Face aux conditions du contrat de service liant les deux sociétés, les salariés de Naphtachimie ayant été mis à disposition d’Arkema, les avocats des employeurs ont asséné que « l’exposition habituelle à l’amiante n’est pas avérée« . Me Andreu, pour les plaignants, a rétorqué qu’il y avait « des incohérences et des erreurs de l’autre côté de la barre. Il y a eu violation de l’obligation de sécurité et de résultat. On a l’impression qu’ils ne connaissent pas les postes occupés par leurs propres salariés« .

Semblant parfois autant perdu face à toutes ces explications contradictoires que concentré sur des aspects techniques précis, le président a fini par lâcher : « Ce n’est pas facile, en effet« . Conscient que, derrière son bureau, il est amené à trancher des cas inédits en matière de droit.


« On ouvrait les sacs d’amiante au couteau »

Paul Barraco, 61 ans, de Châteauneuf-les-Martigues, a travaillé à Lavera de 1976 à 2005. Jean-Paul Durand, 60 ans, de Martigues, de 1974 à 2005. Paul Marciante, 60 ans, d’Istres, de 1974 à 1989 « avant d’être muté dans un autre service« , précise-t-il. Car tous trois, durant ces périodes, ont été monteurs, c’est-à-dire en prise directe avec l’amiante, alors matière première pour les électrolyses chlore : « Il y avait une salle mercure et deux salles diaphragme. Ce sont ces deux-là qui avaient des cellules où l’amiante servait de filtre« , expliquent-ils. « On a d’abord manipulé des sacs de 50kg qui venaient du Canada, puis des sacs de 40kg du Zimbabwe. On les ouvrait au couteau« , se souvient Paul Marciante. « On préparait un bain avec 10m3 de soude et 240kg d’amiante, détaille Paul Barraco. Il y avait 25 % de fibres d’amiante courtes et 75 % de longues. On ajoutait un polymère et un surfactif et on mélangeait tout ça. La cathode était trempée dans ce mélange sous vide. Elle avait une durée de vie de 300 jours. Quand il fallait les remplacer, l’amiante mouillée tombait au sol. Puis elle y séchait. On l’a respirée sans savoir. 80 % des gens qui ont un dossier déposé ont fait leur carrière complète à ces postes« . Y avait-il des protections ? « Au début, rien, se souvient Jean-Paul Durand. Puis on a eu ce qu’on appelait un nez de cochon, un masque qu’on avait envie d’enlever car au bout d’un quart d’heure, il sentait le vomi… »

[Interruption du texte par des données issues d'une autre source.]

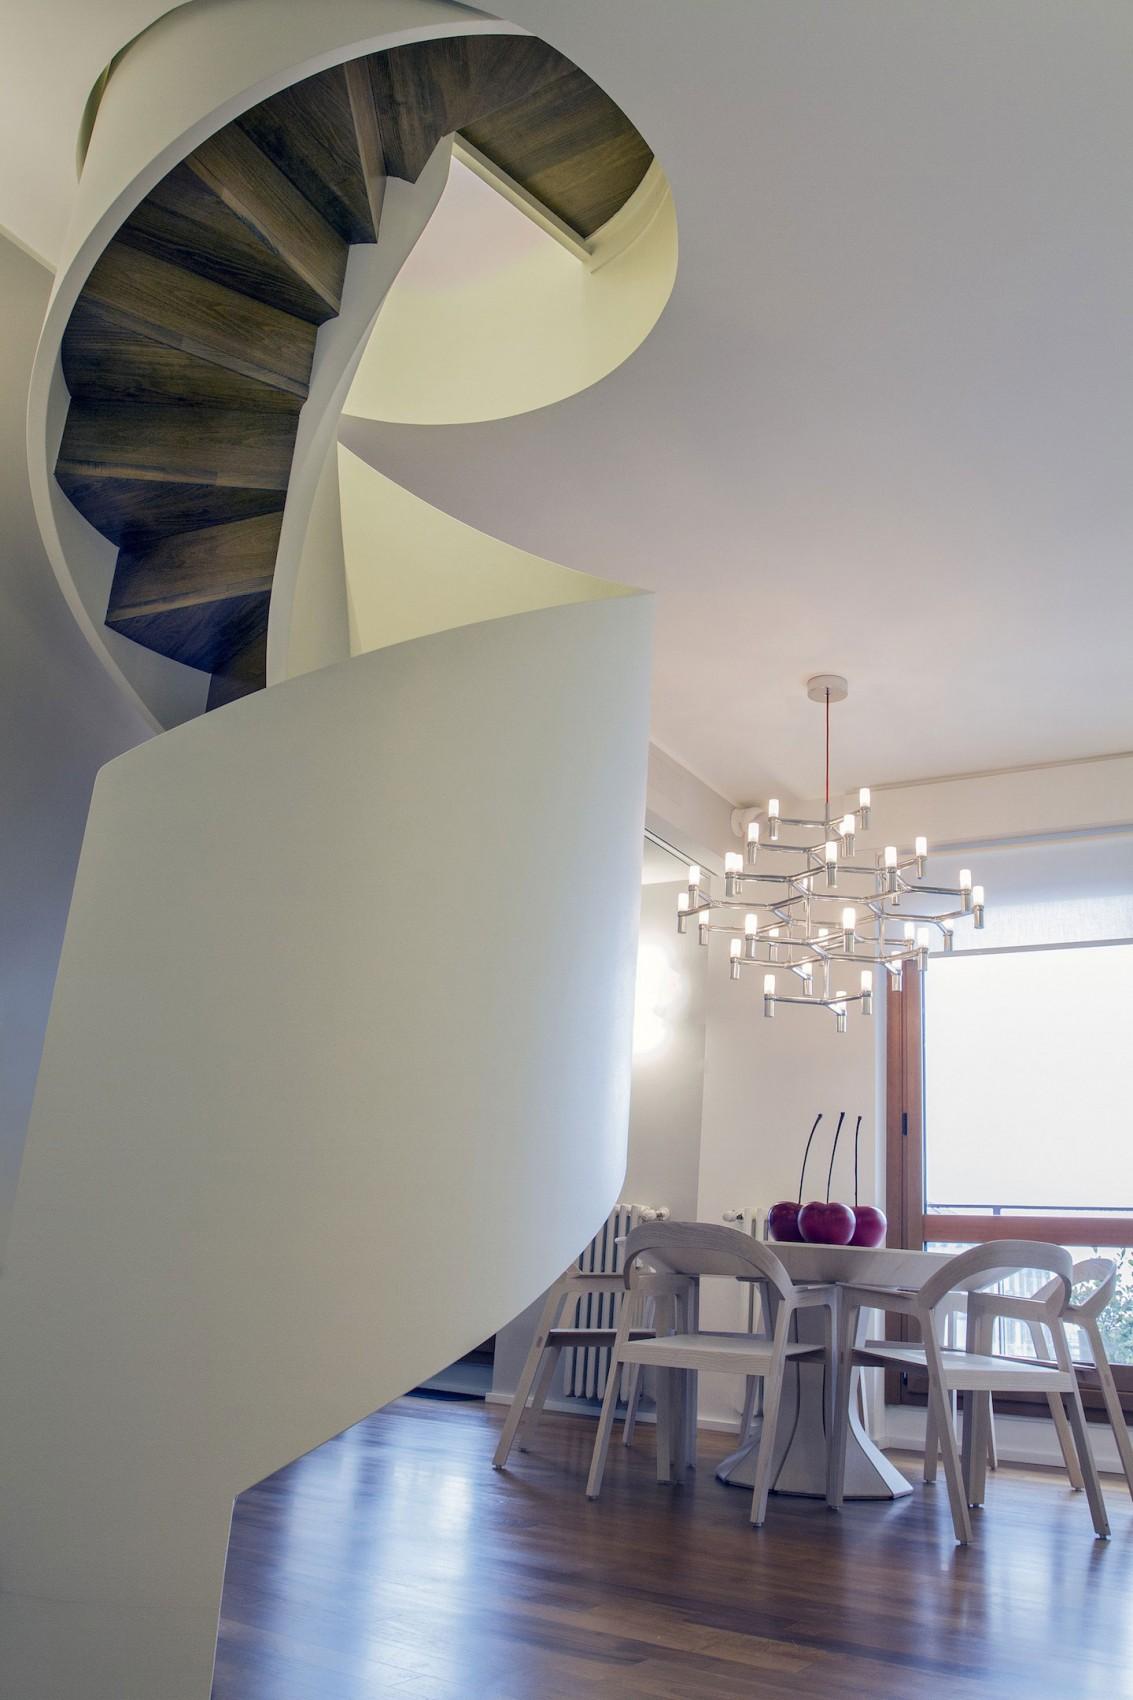 moderna-rezidentsiq-v-milano-pokazva-interesni-mebeli-i-funktsii-3g
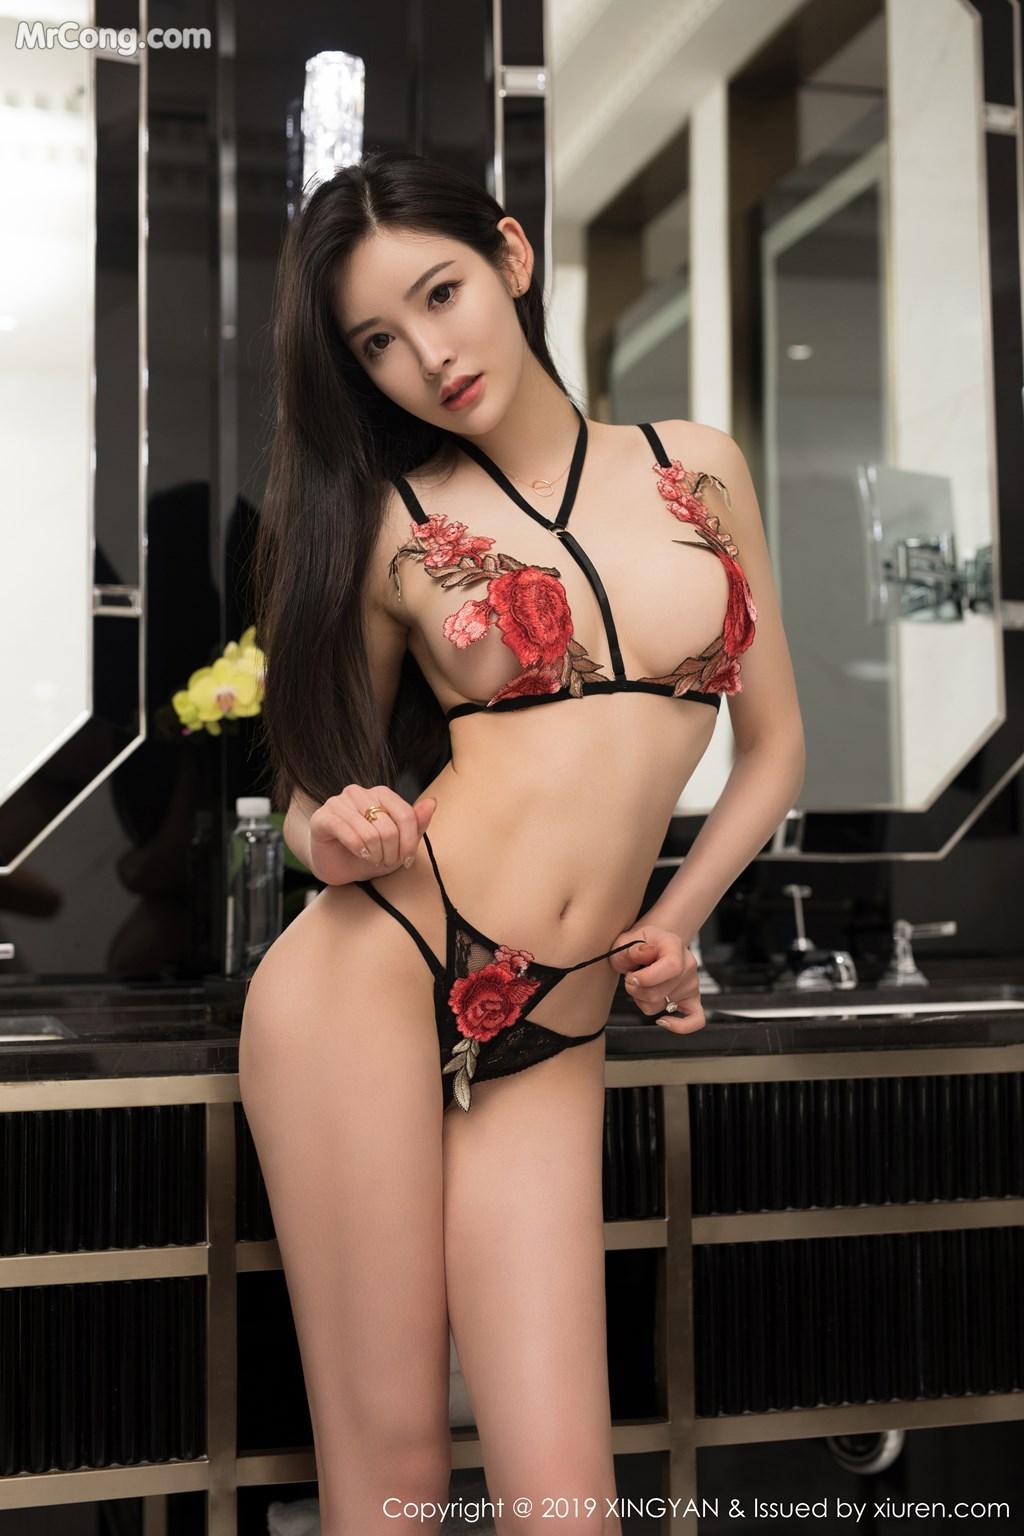 Image XingYan-Vol.121-He-Chen-Xi-MrCong.com-048 in post XingYan Vol.121: He Chen Xi (何晨曦) (49 ảnh)

Quelles sont leurs motivations aujourd’hui ? « Les pathologies liées à l’amiante peuvent se déclencher dès l’âge de 30 ans. Mais c’est un processus long, relève M. Durand. C’est un problème de sécurité. Les sacs étaient stockés ouverts. On était exposé en permanence. Et c’était difficile de nettoyer, les salles étaient pleines de tuyaux« . Puis de rappeler : « L’amiante a été interdite en 1999 en France. Mais chez nous, il y a eu prolongation jusqu’en 2001 pour laisser plus de temps aux industriels de remplacer les cellules amiante par des cellules dites polyramix, mélange d’un polymère, le zirconium, et de céramique« . Paul Barraco dénonce aussi « des relevés qui étaient effectués chaque mois dans les ateliers. Soi-disant, il n’y avait pas de traces d’amiante. Nous en avons mis parfois exprès dessus pour vérifier mais les relevés étaient toujours négatifs. On nous a pris pour des cons« . Aujourd’hui à la retraite, ils lancent : « Les employeurs nous disent qu’on a bénéficié de la cessation d’activité anticipée. On a touché 85 % du salaire net. C’est vrai que c’est bien. Mais il a fallu démissionner. Sinon, quel était notre autre choix ? Rester et continuer à être exposé ? »


Deux délibérés au 3 octobre

Dans les deux dossiers successivement examinés hier, le président de l’annexe de la cour d’appel d’Aix a annoncé que le délibéré serait rendu le 3 octobre prochain. « Ils vont analyser les pièces supplémentaires et vous recevrez chacun l’avis à votre domicile et nous en aurons également copie au cabinet, a précisé Me Andreu aux plaignants. Si nous avons gain de cause, il y a de fortes chances que Naphtachimie et Arkema aillent en cour de cassation. Si on perd, c’est nous qui irons. Quoi qu’il en soit, vous conserverez les sommes éventuellement perçues« . Il reste encore un bout de chemin judiciaire à parcourir aux uns et aux autres.